▶ _SUPPLIED MATERIAL_
____________________

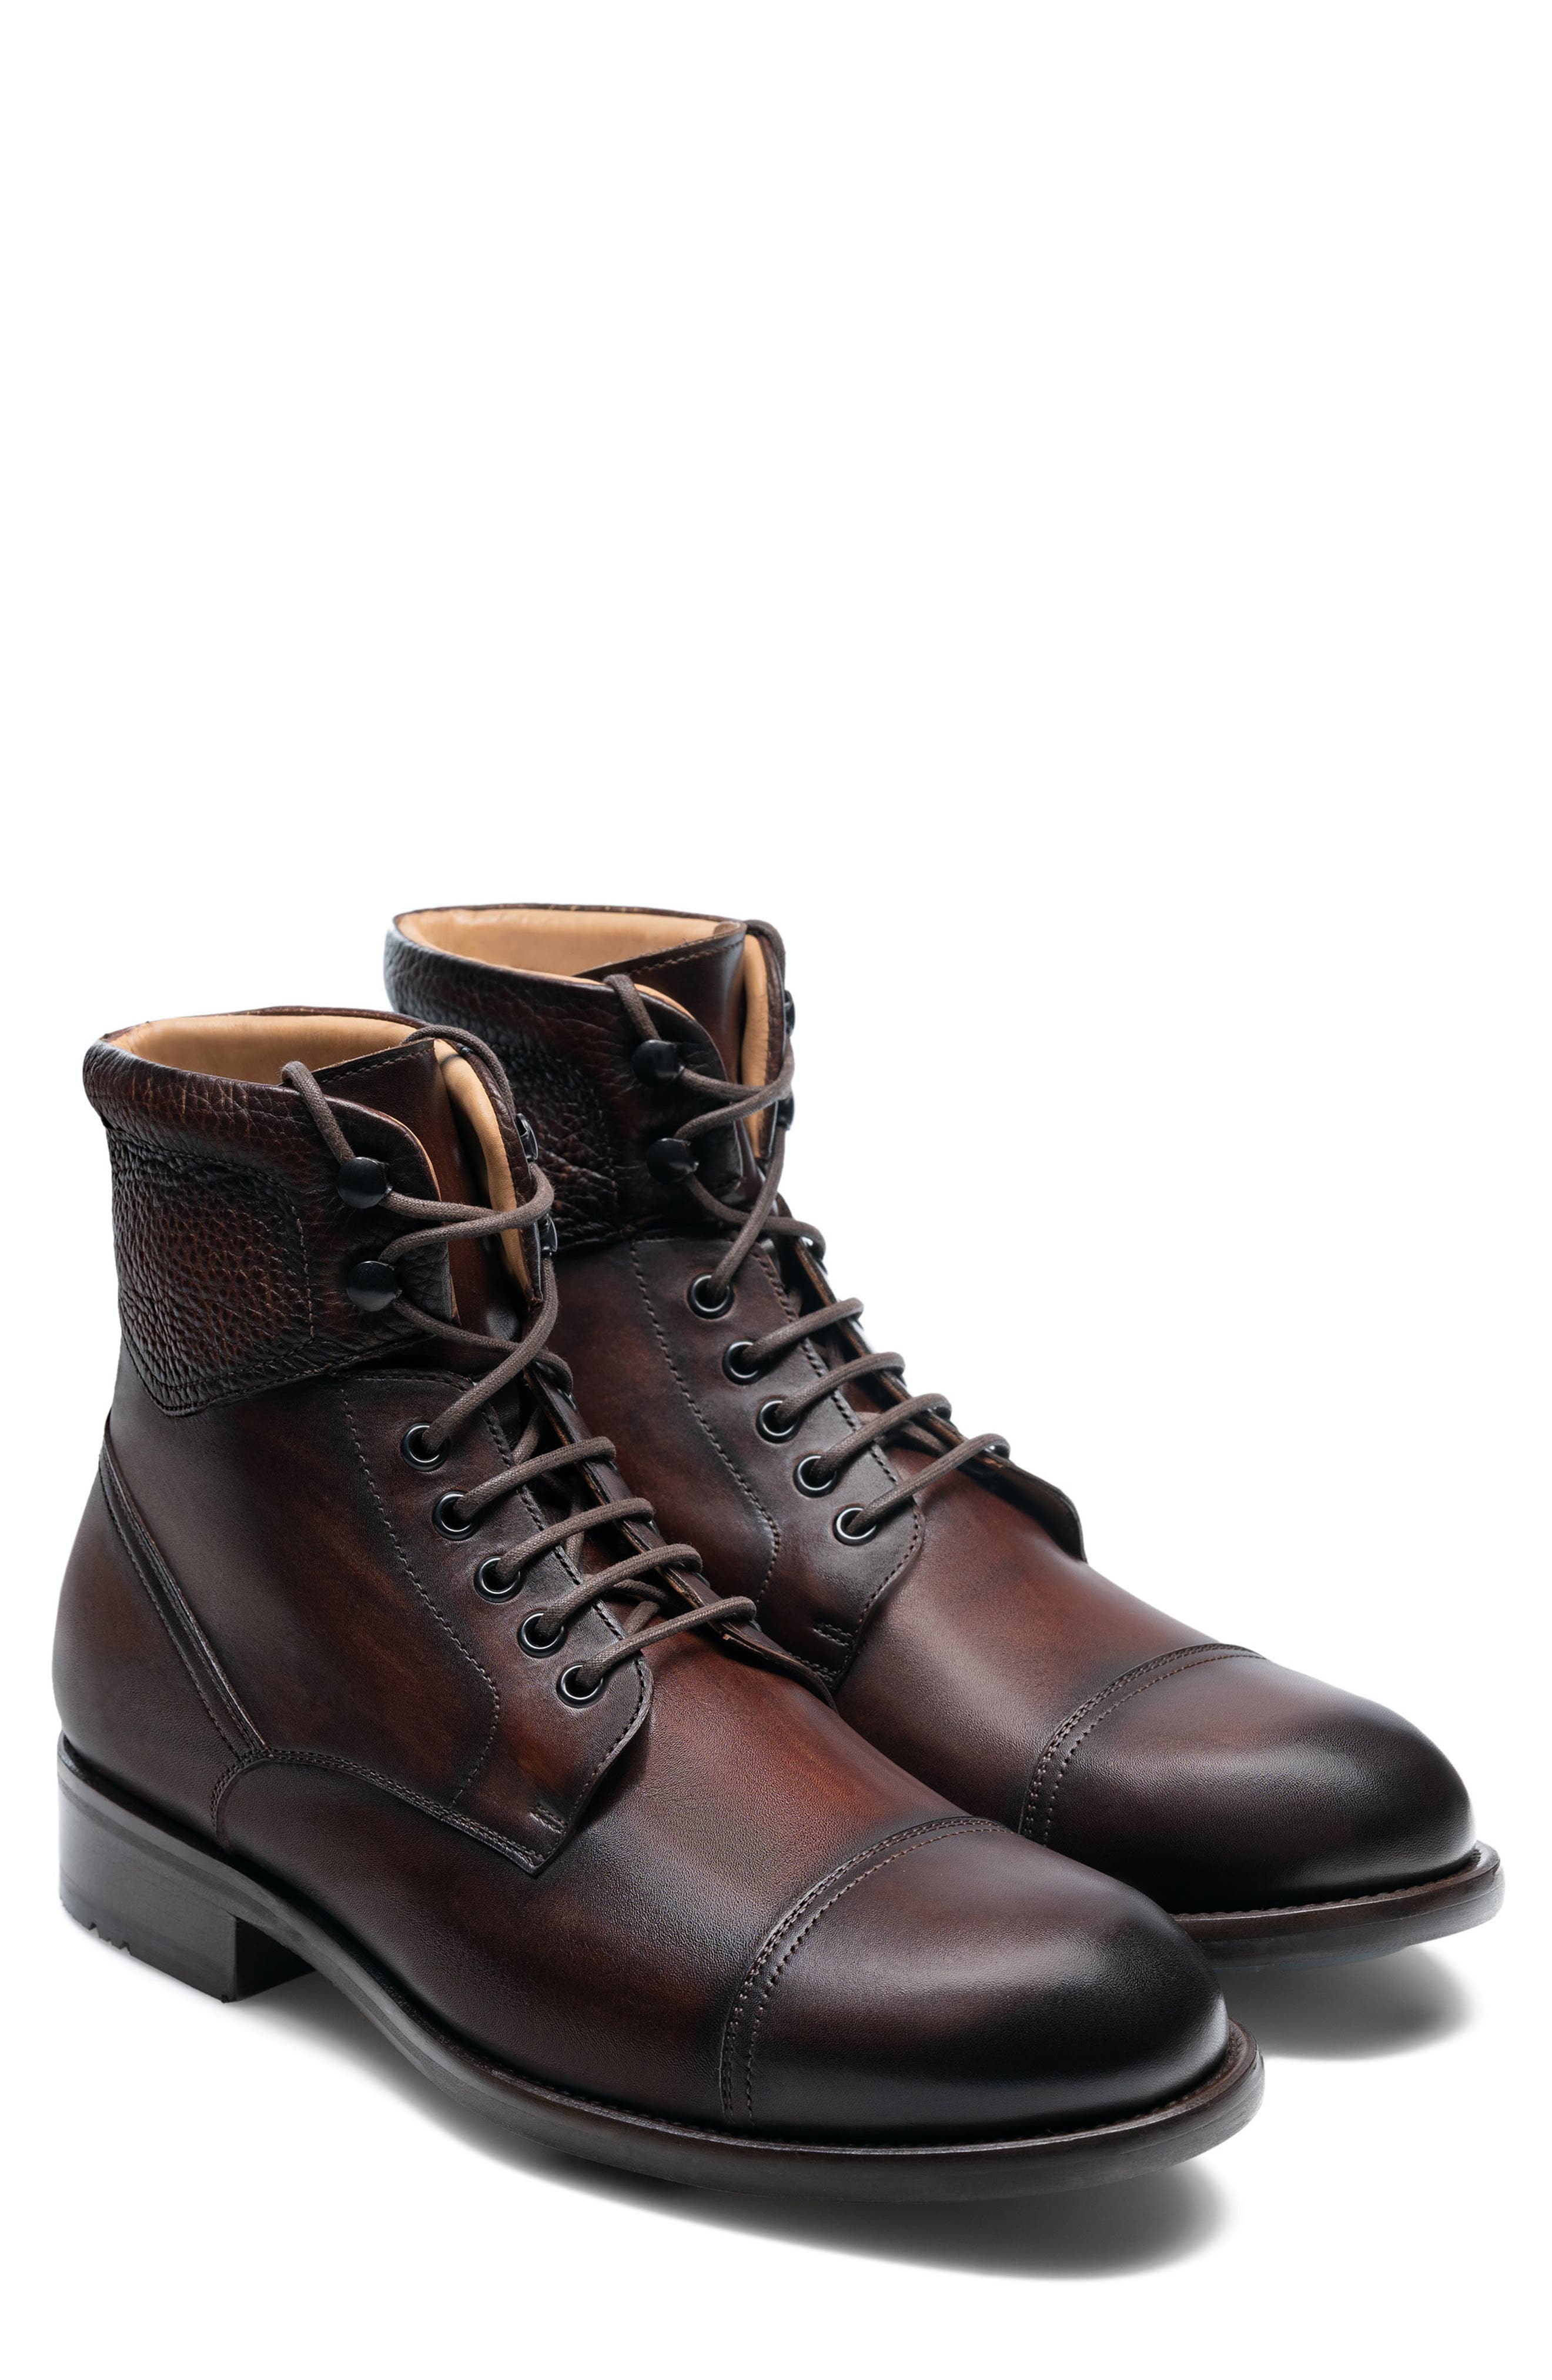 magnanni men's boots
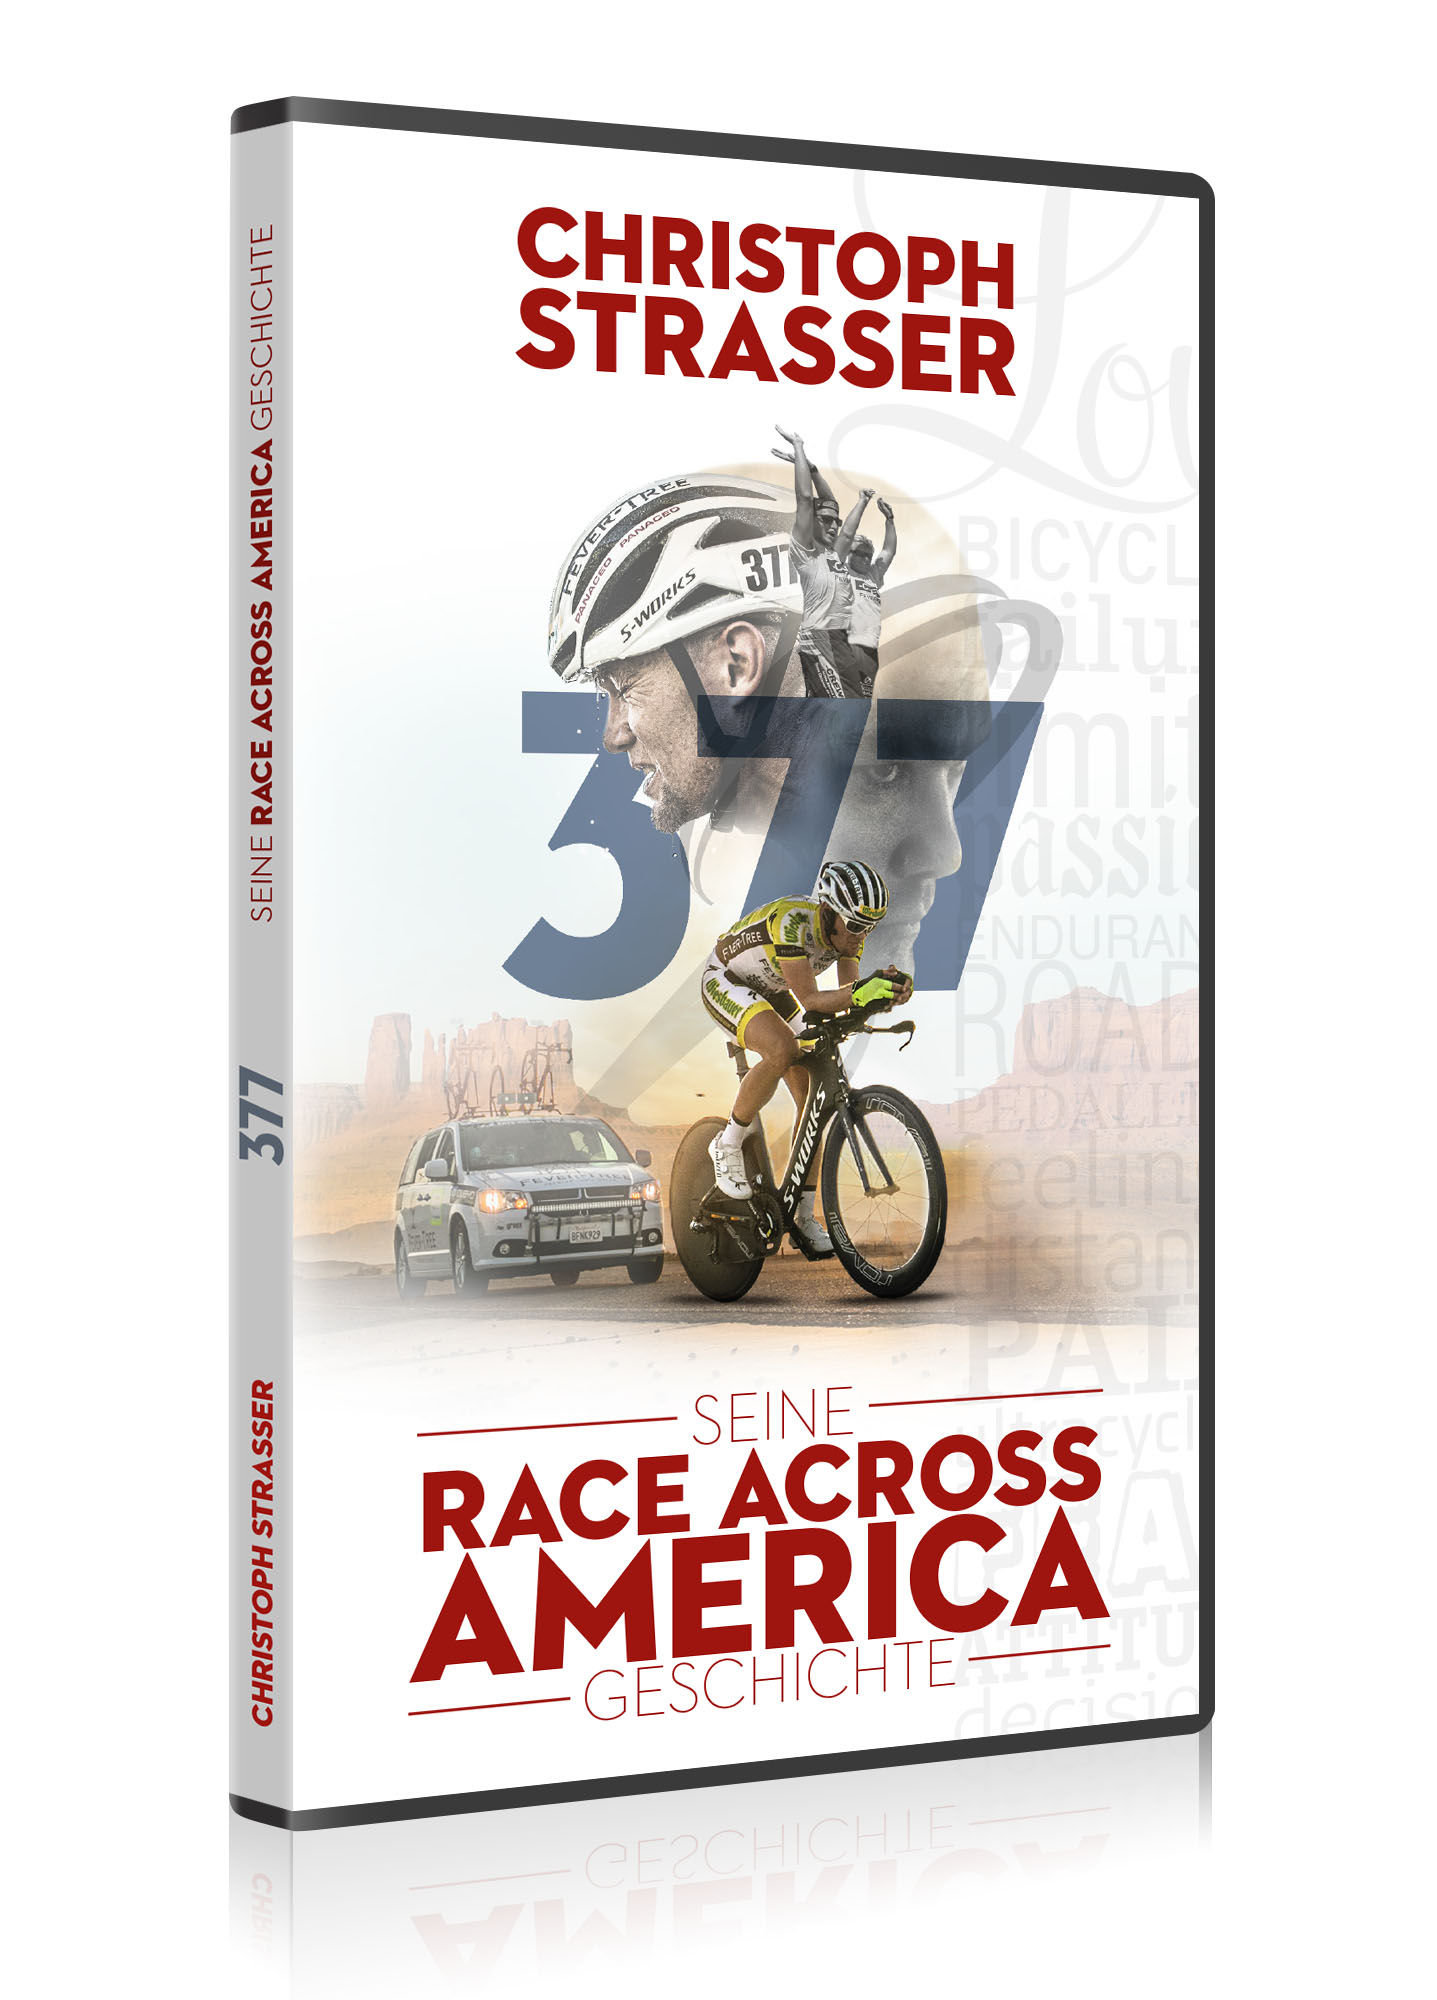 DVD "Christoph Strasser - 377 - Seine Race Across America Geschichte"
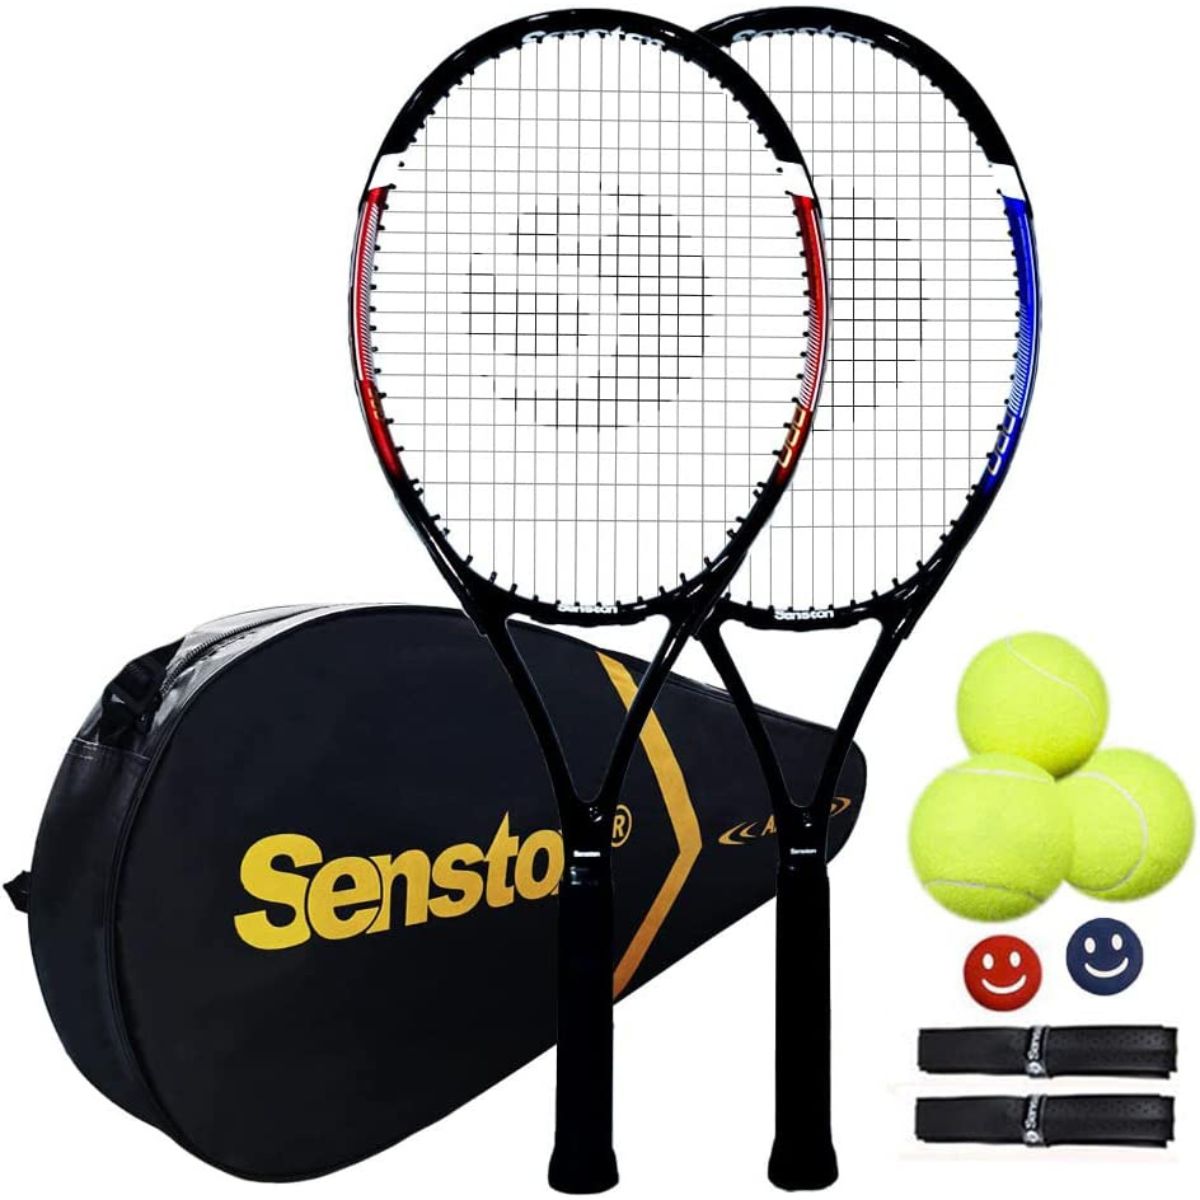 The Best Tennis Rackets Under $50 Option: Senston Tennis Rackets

____________________

▶ _WHAT IS BEING ASKED_
Any images must be left out; transcribe the rest of the material exactly.

▶ _RESPONSE BOX_
 magnanni men's boots
 DVD "Christoph Strasser - 377 - Seine Race Across America Geschichte"
 The Best Tennis Rackets Under $50 Option: Senston Tennis Rackets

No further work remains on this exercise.